И по голосу его поня­ла Александра - ждал. Под­бежала к кровати. На бе­лой наволочке лицо Мажука казалось черным, и чер­ными были толстые шеве­лящиеся в бороде губы:

- Во-о-ды.

Александра прометнулась к порогу, черпнула из ведра кружкой, принесла. Рука Мажука потянулась, чтобы взять, но обесси­ленно упала на край кро­вати. Борода задвигалась, елозя по подушке:

- Подыми меня, Алек­сандра.

Она скорее догадалась, чем услышала его, присе­ла на корточки, подсуну­ла под нагретую солнцем подушку левую руку, при­подняла вместе с нею го­лову Мажука. Из бороды его потянулись губы, и она поднесла к ним кружку. Мажук сделал три гром­ких судорожных глотка, отстранился.

- Опусти меня.

И она опустила и сто­яла возле него на коле­нях, не зная, что делать дальше.

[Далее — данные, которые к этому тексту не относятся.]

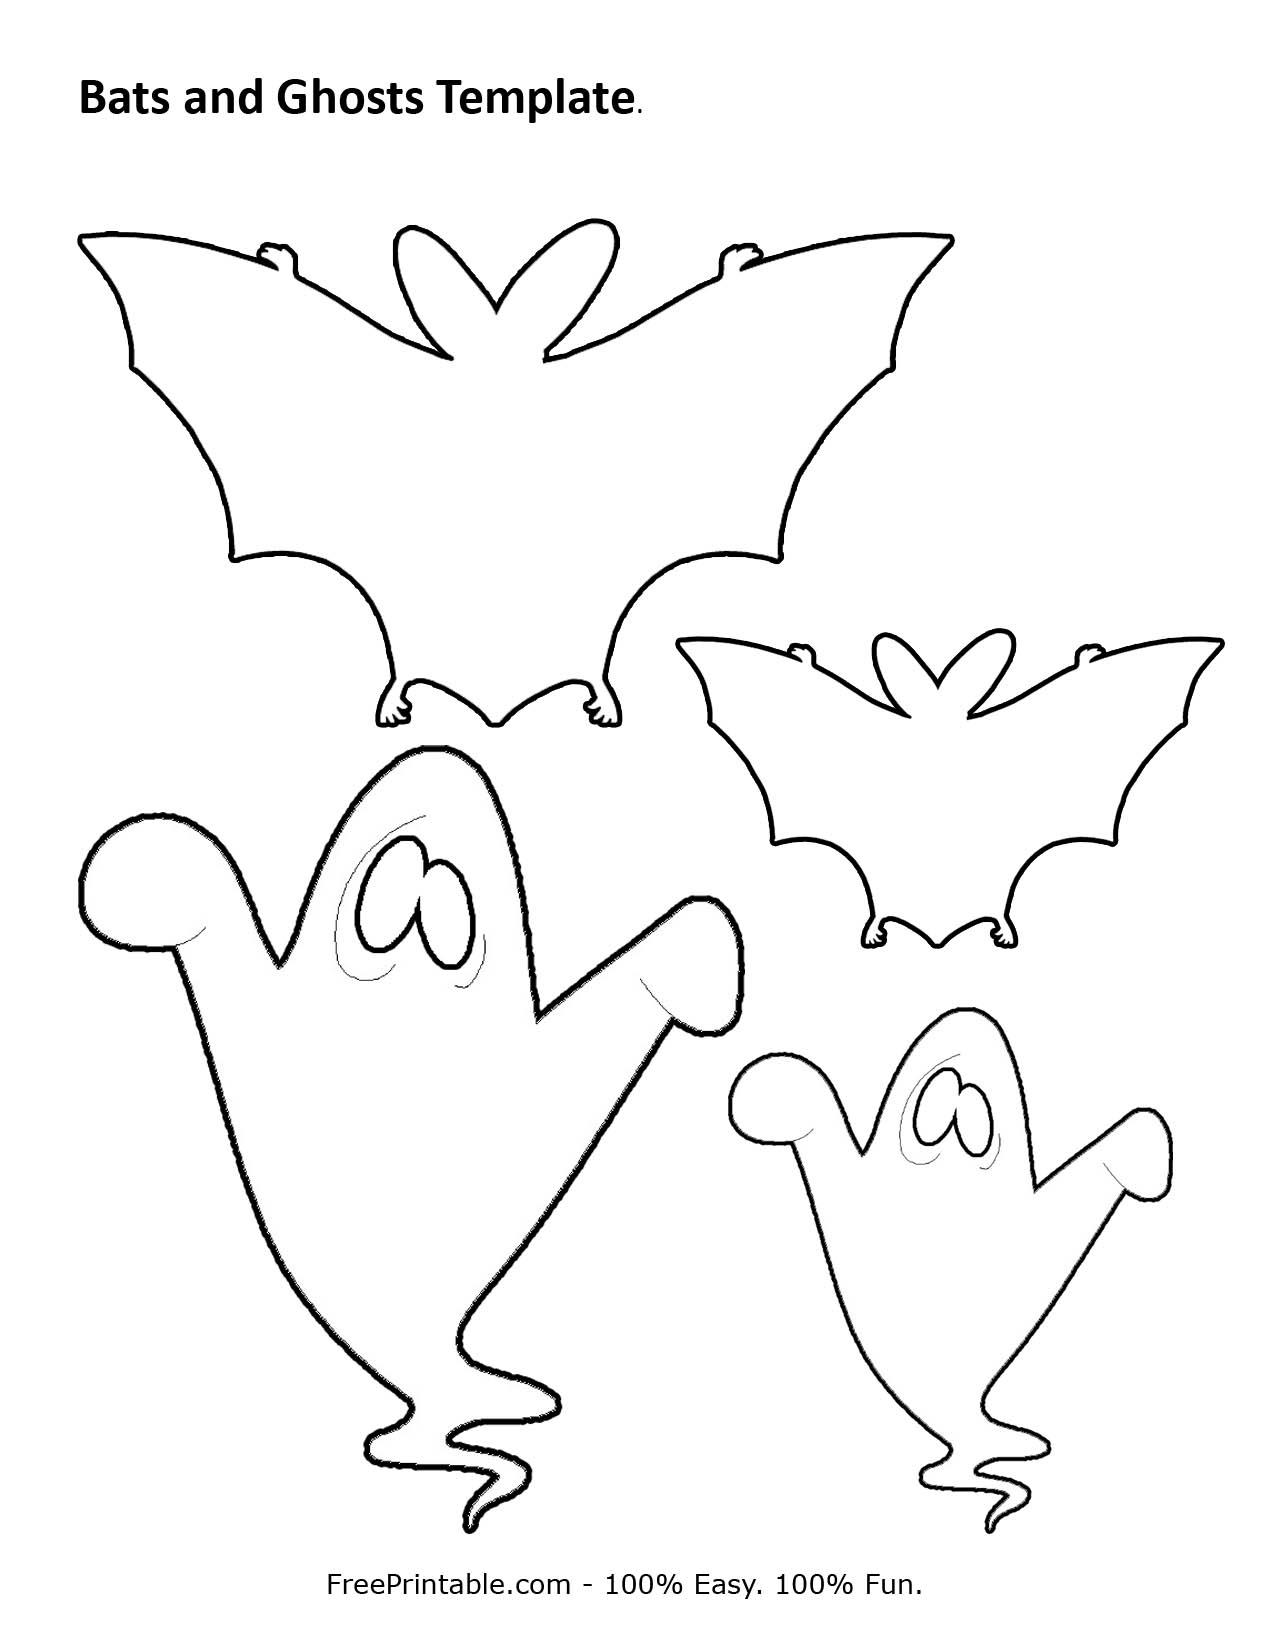 Bat wing template http fantasiesnetwork com fiimages bat wing template
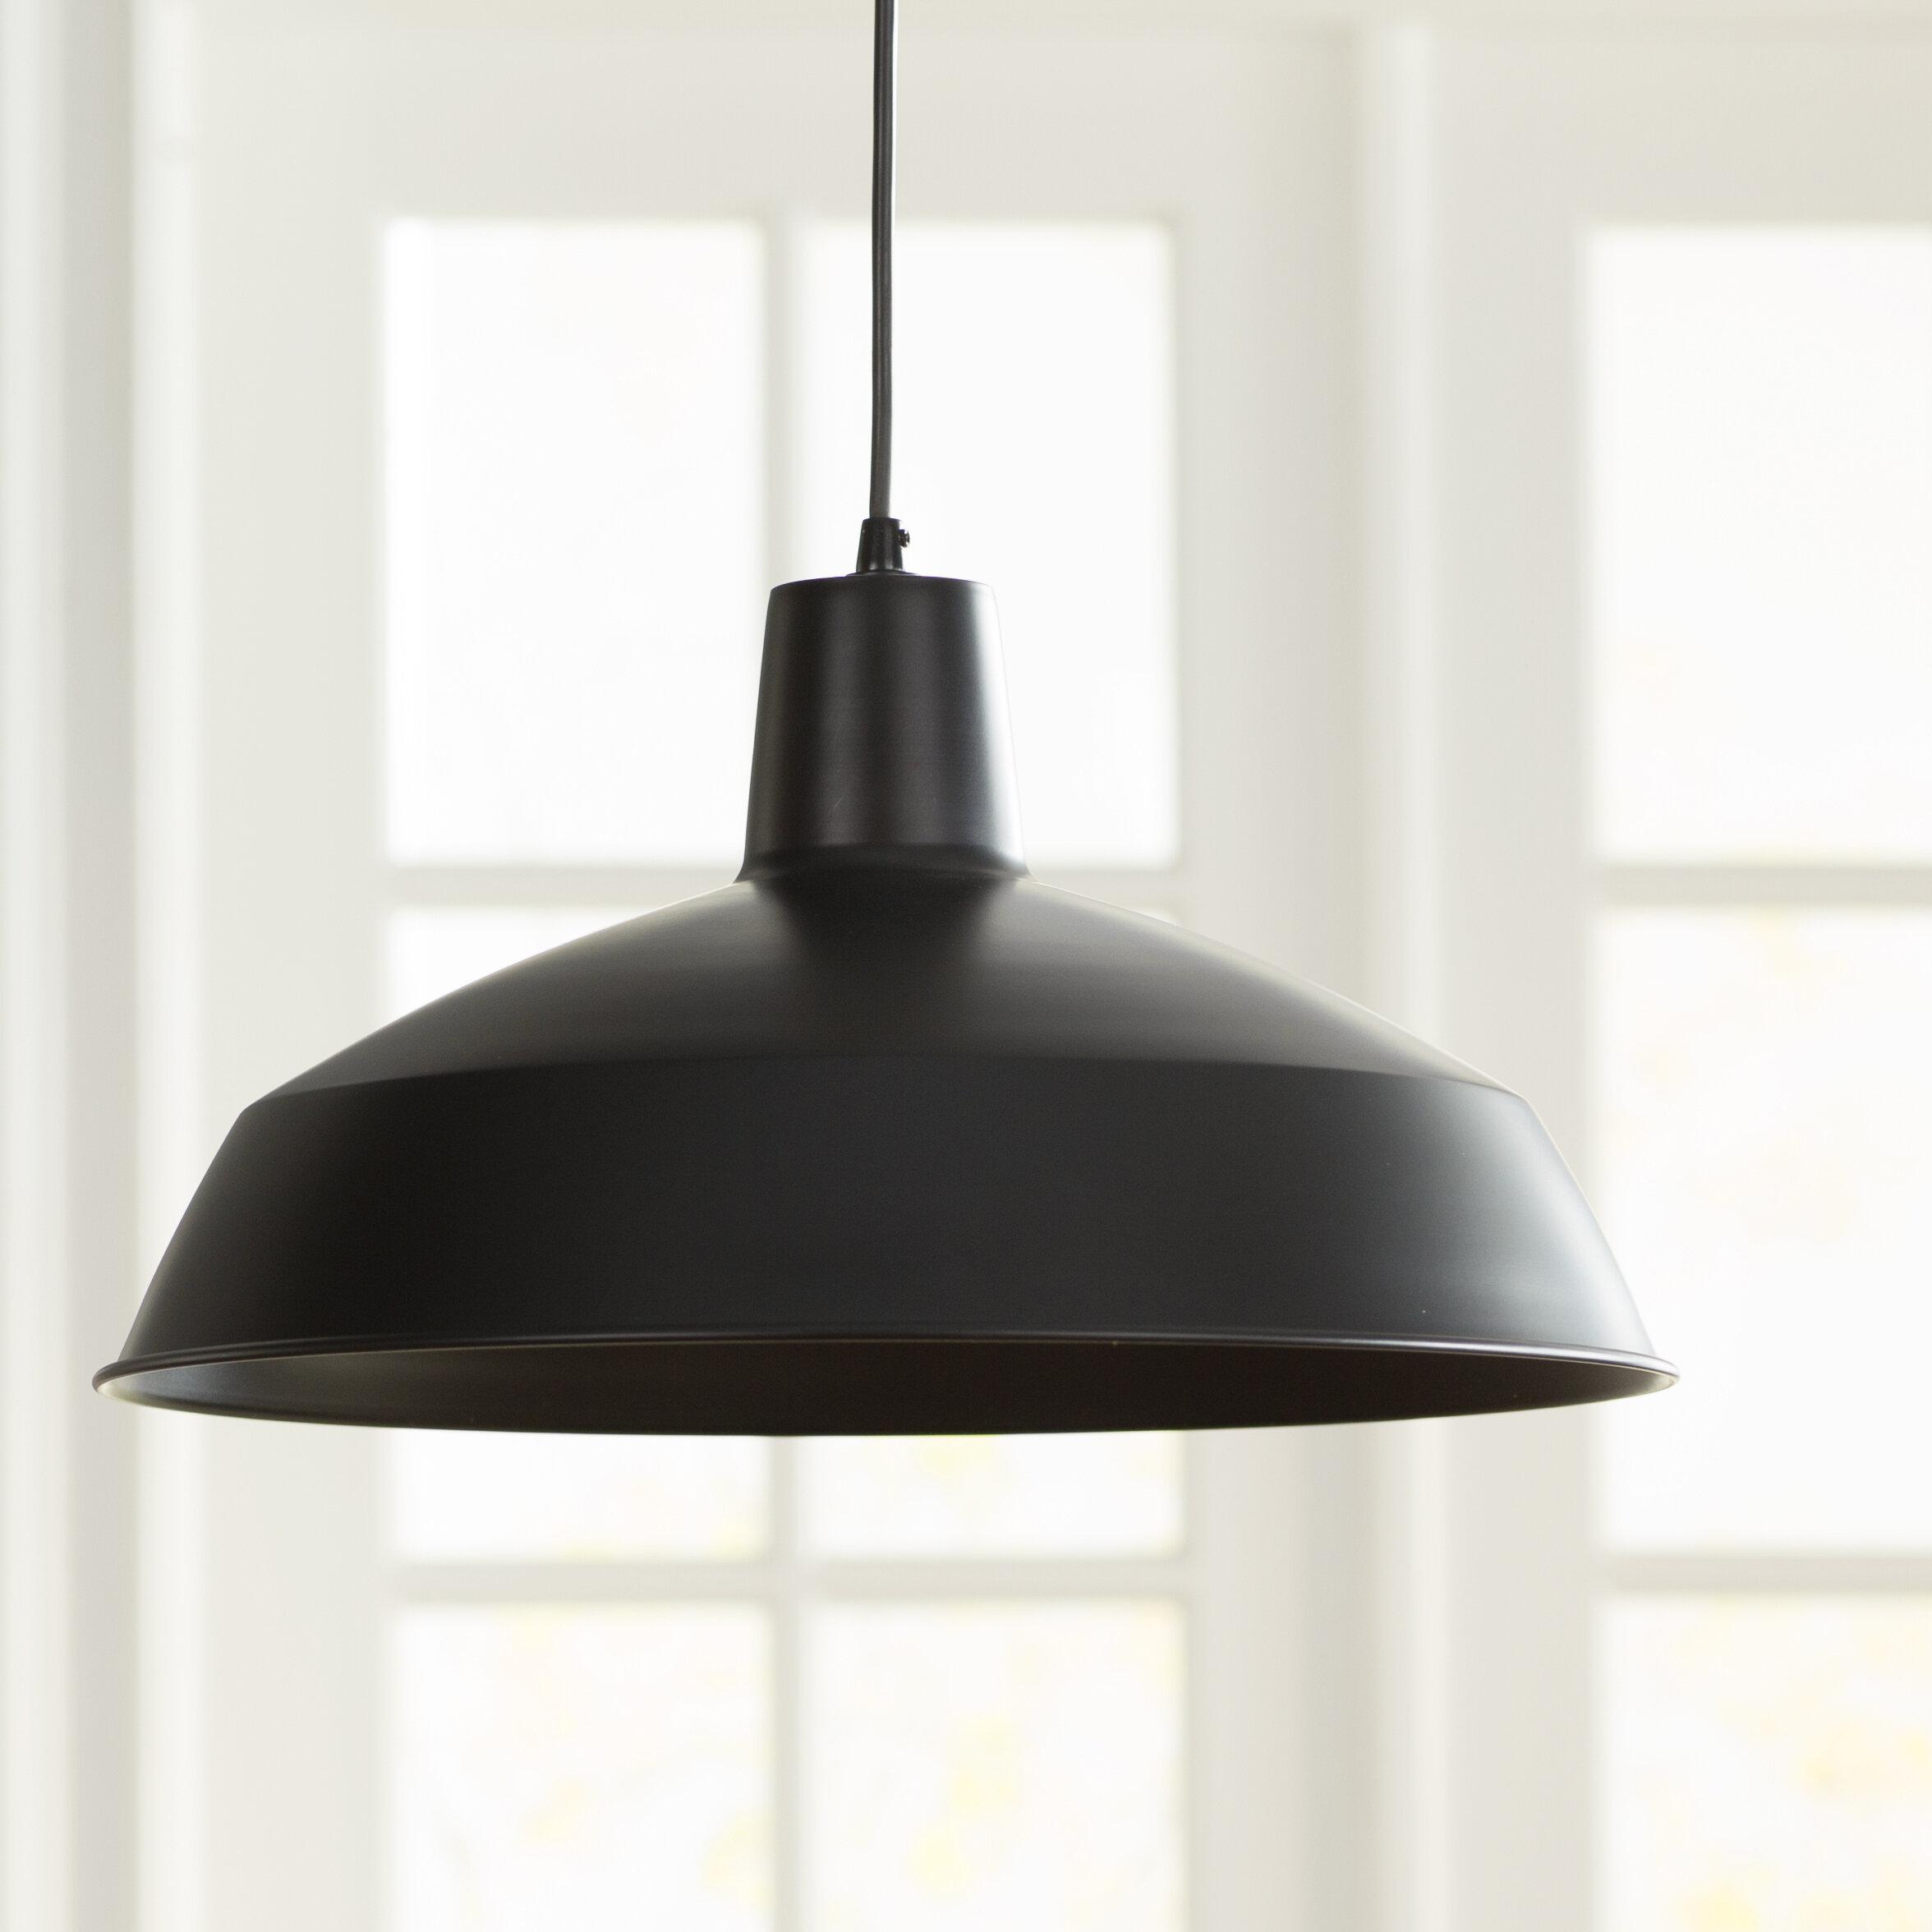 Laurel foundry modern farmhouse barnyard industrial warehouse 1 light bowl pendant reviews wayfair

...Мажук был за сараем, очесывал граблями вывер­шенный накануне при­кладок сена и, как всегда, не попадая в тон, негром­ко пел и скорее даже не пел, а бурчал:

Но нельзя рябине

К дубу перебраться,

Знать, судьба такая -

Век одной качаться.

Когда-то, когда ему было весело и хмельно, он пел про «любимый город», но с приходом в его дом Александры утратил весе­лье и навсегда забыл свою прежнюю песню.

Только пожив с Алек­сандрой, Мажук по-насто­ящему оценил доброту своей прежней жены, и до конца прочувствовал, как ему было хорошо с ней, и, понимая, что больше так уже никогда не будет, про­никся к себе жалостью и однажды вечером, сидя на ступеньке крыльца и весь уйдя в свои думы, вдруг запел, словно запричитал над собой:

Что стоишь, качаясь,

Тонкая рябина,

Головой склоняясь

До самого тына?

Дальше этих слов он не пошел, видимо, ему было достаточно их для выражения той тоски и той скорби, что накопились в нем, пока он жил с Алек­сандрой, и он, посидев не­много, повторил их, и че­рез некоторое время по­вторил еще раз. И так было весь вечер: он сидел, покачивался, пел, а по щекам его скатывались слезы, теряясь в чащобни­ке бороды.

С этого вечера он стал постоянно петь о рябине, которой никак нельзя перебраться к дубу и поэтому она чувствует себя одинокой и несчас­тливой. Пел он о ней и в это утро, очесывая граб­лями прикладок сена, и вдруг охнул, поджал ладо­нью сердце, повалился, прикусив губу.

Очнувшись, он увидел возле себя Кречета. Пес поскуливал, подталкивал его носом, лизал глаза и щеки, как бы прося под­няться. В глазах было тем­но, и не хватало в груди дыхания. Сердце било ред­ко, с пугающими проме­жутками. Ударит, протол­кнет отяжелевшую вдруг кровь и спустя немного ударит еще раз. И каждый удар его отдавался в голо­ве болью.

- Плохо мне, Кречет, - еле ворочая языком, про­шелестел Мажук.

Кречет затоптался, зас­кулил, бросился с лаем на кур, расшугал их по дво­ру, вернулся к Мажуку, потерся о него боком, под­ставляя спину. Мажук до­тянулся до его ошейника, прохрипел:

- Иди, Кречет, иди, - и боднул его головой в бок. Кречет напружился, пота­щил его ровно, без рывков.

Опираясь одной рукой

о землю, а другой держась за ошейник Кречета, Ма­жук дополз до крыльца и упал у нижней приступки.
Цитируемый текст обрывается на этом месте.